TVB Pearl is a terrestrial television channel in Hong Kong owned by Television Broadcasts Limited. Established on 19 November 1967, it shares headquarters with TVB's other properties at TVB City at 77 Chun Choi Street in Tseung Kwan O Industrial Estate in Tseung Kwan O, in the Sai Kung District.

This channel mainly broadcasts in English (while all of its sister channels mainly broadcast in Cantonese), although programmes in other languages (including Mandarin, Japanese and Korean) are aired in non-peak hours and Traditional Chinese subtitles are available on some programmes. Since 1991, the channel has used NICAM digital audio (and later, multiple audio tracks via digital terrestrial television) to transmit audio tracks in English and Cantonese when available. The channel began broadcasting in high definition on 28 October 2012.

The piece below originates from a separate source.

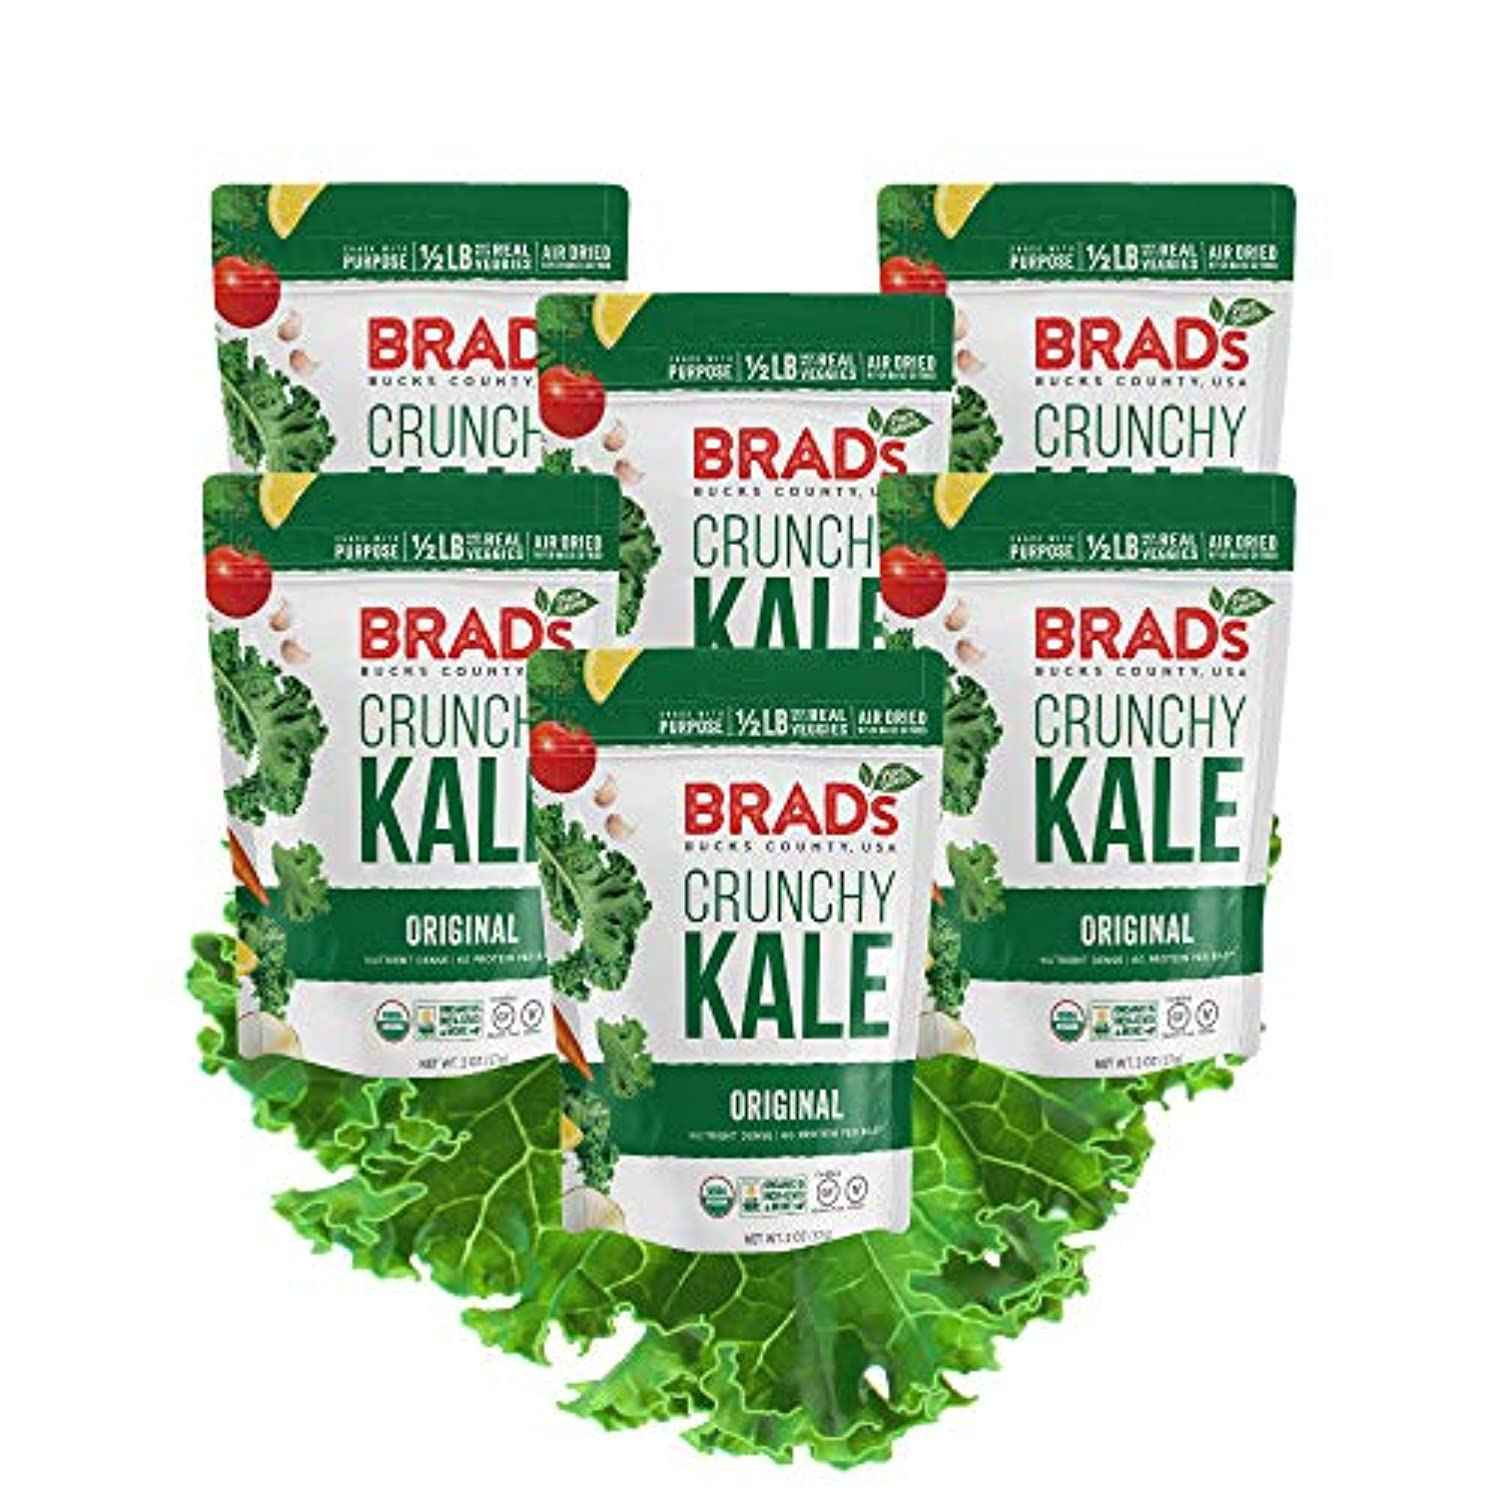 Brad's Plant Based Organic Crunchy Kale, Original, 6Count

The schedule of this channel relies heavily on imported programmes, including foreign drama series and movies. Original English-language news and current affairs programmes (such as News at 7:30) and original lifestyle programme Dolce Vita are also available on the channel.

Programmes

News and public affairs
This channel airs current affairs programmes, including Pearl Magazine (to replace both The Pearl Report and Money Magazine in 2018), Money Matters and Straight Talk.

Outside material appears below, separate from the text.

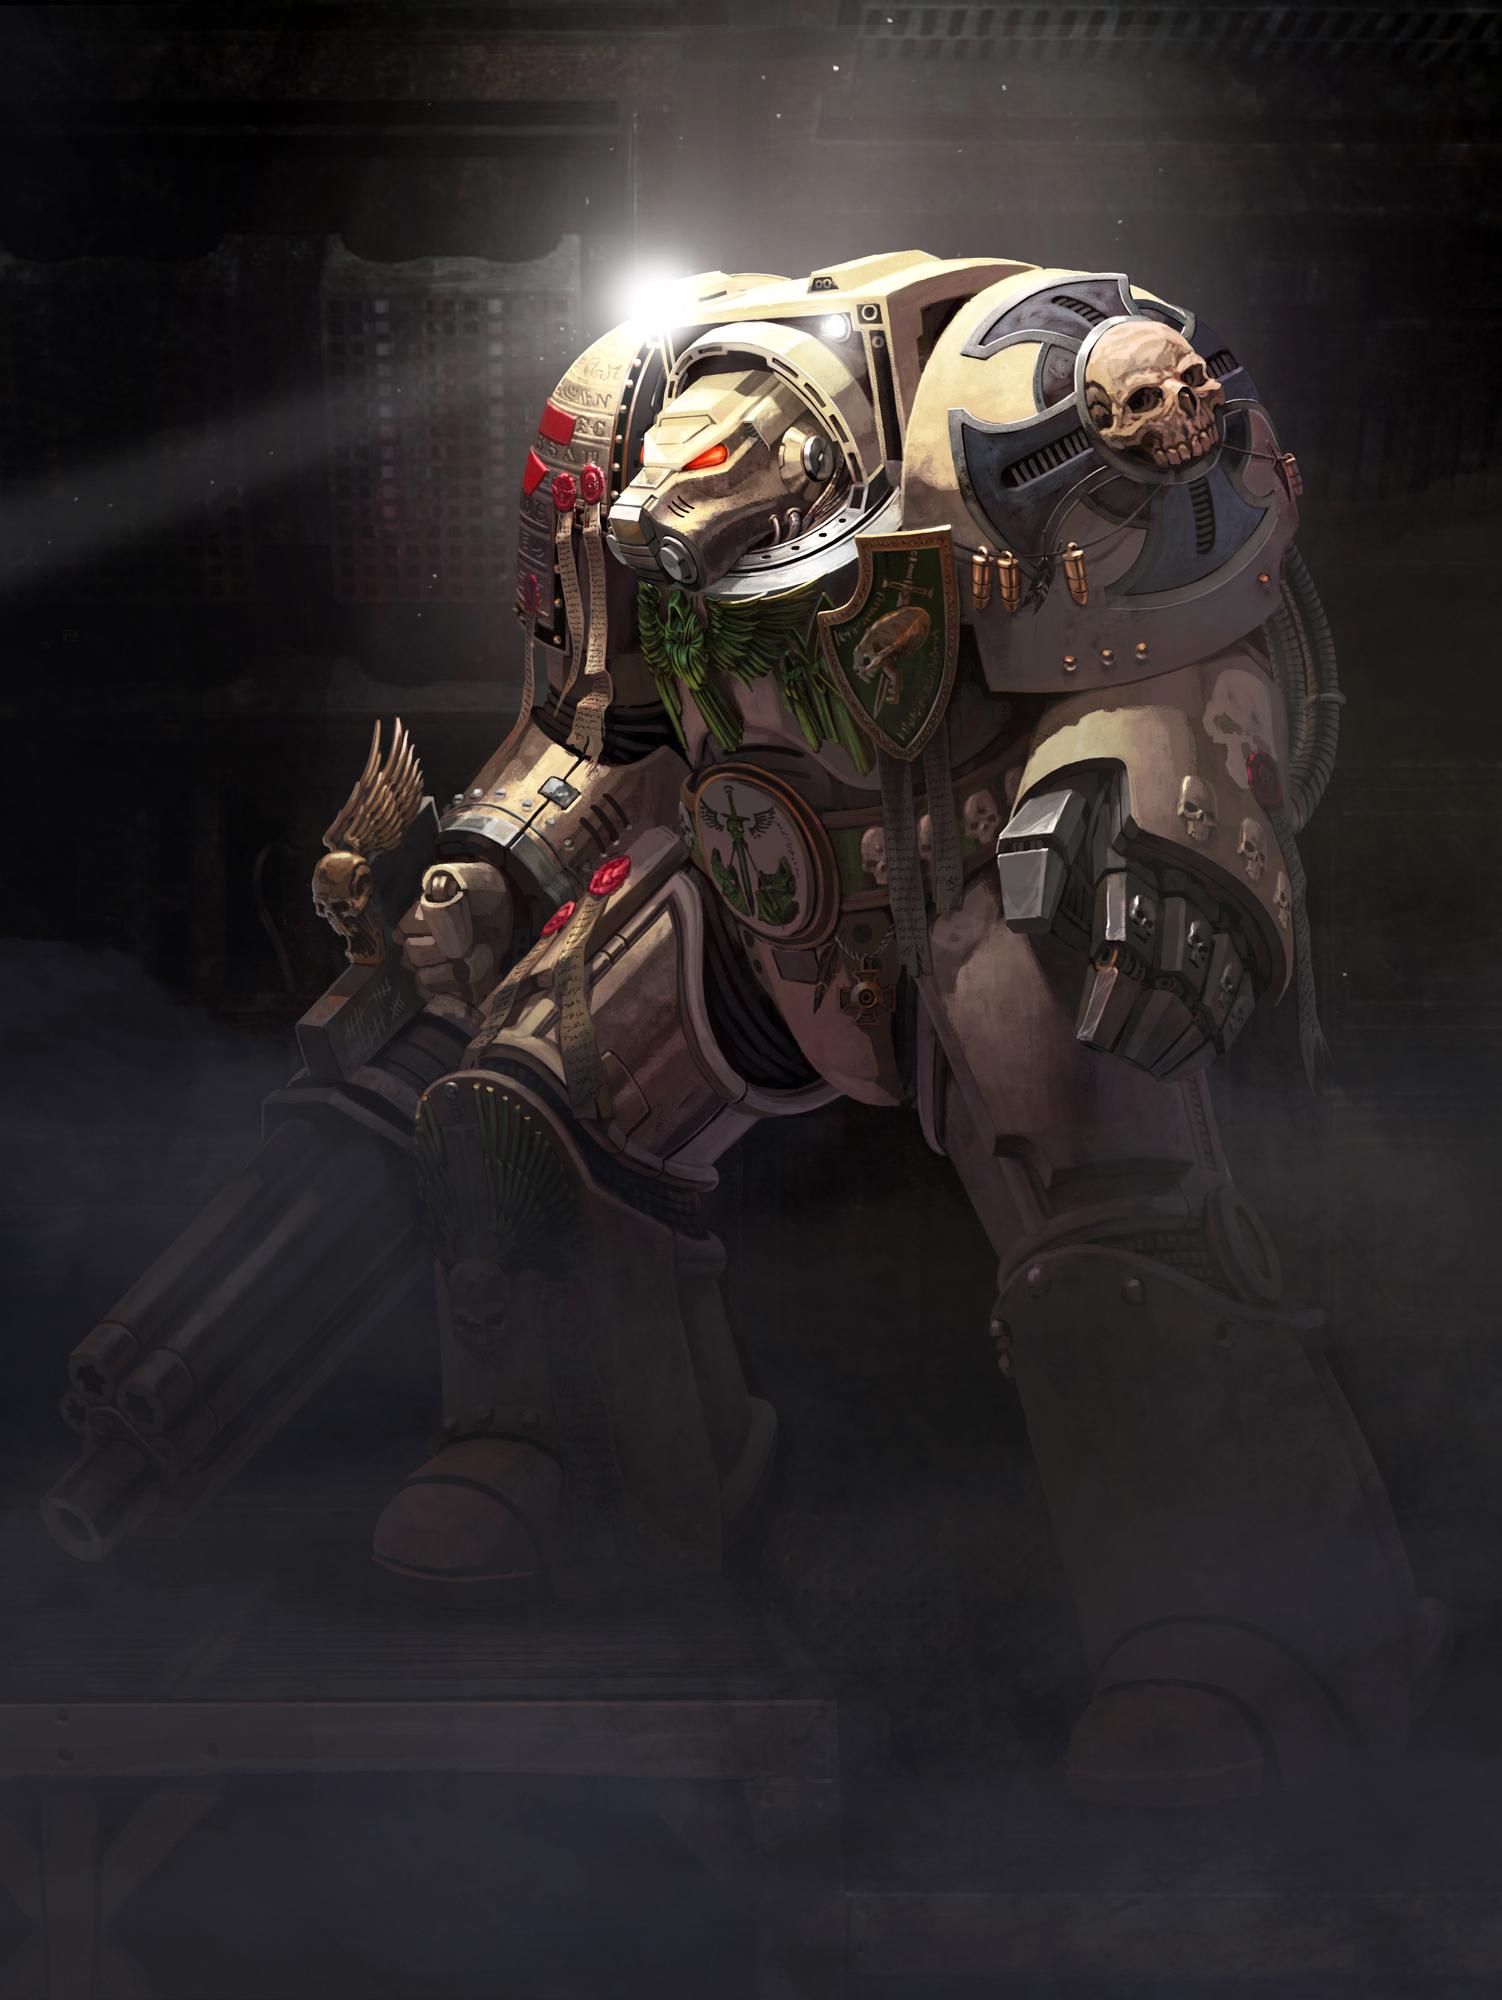 spacehulk-artwork01.jpg

According to the broadcast regulations in Hong Kong, broadcasting 2.5 hours of RTHK programmes on commercial English-language channels every week was required. Before 2017, such requirement was fulfilled by broadcasting The Pulse (news programme) and The Works (art-related programme). These two programmes were no longer aired on this channel after 2017.

Studio 930 
At 9:30 PM every night, a Hollywood film is broadcast on TVB Pearl with a Hong Kong English Dub or with British English Subtitles before News Roundup news programmes.

Transmitters 
TVB Pearl is broadcast through UHF from its six main transmission stations at Temple Hill, Golden Hill, Castle Peak, Kowloon Peak, Tai Mo Shan, and Lamma Island, and two repeaters at Tsuen Wan and Tsing Yi. The Tsuen Wan repeater started service on 22 August 2003, and the Tsing Yi repeater started on 18 September 2003. The repeaters were built to enhance reception of TVB Pearl.

TVB Pearl is carried in mainland China by Southern Television () in Guangdong and in Guangzhou by Guangzhou Television (). Due to censorship policies, some programmes carried by the channel have been censored and substituted with different programmes.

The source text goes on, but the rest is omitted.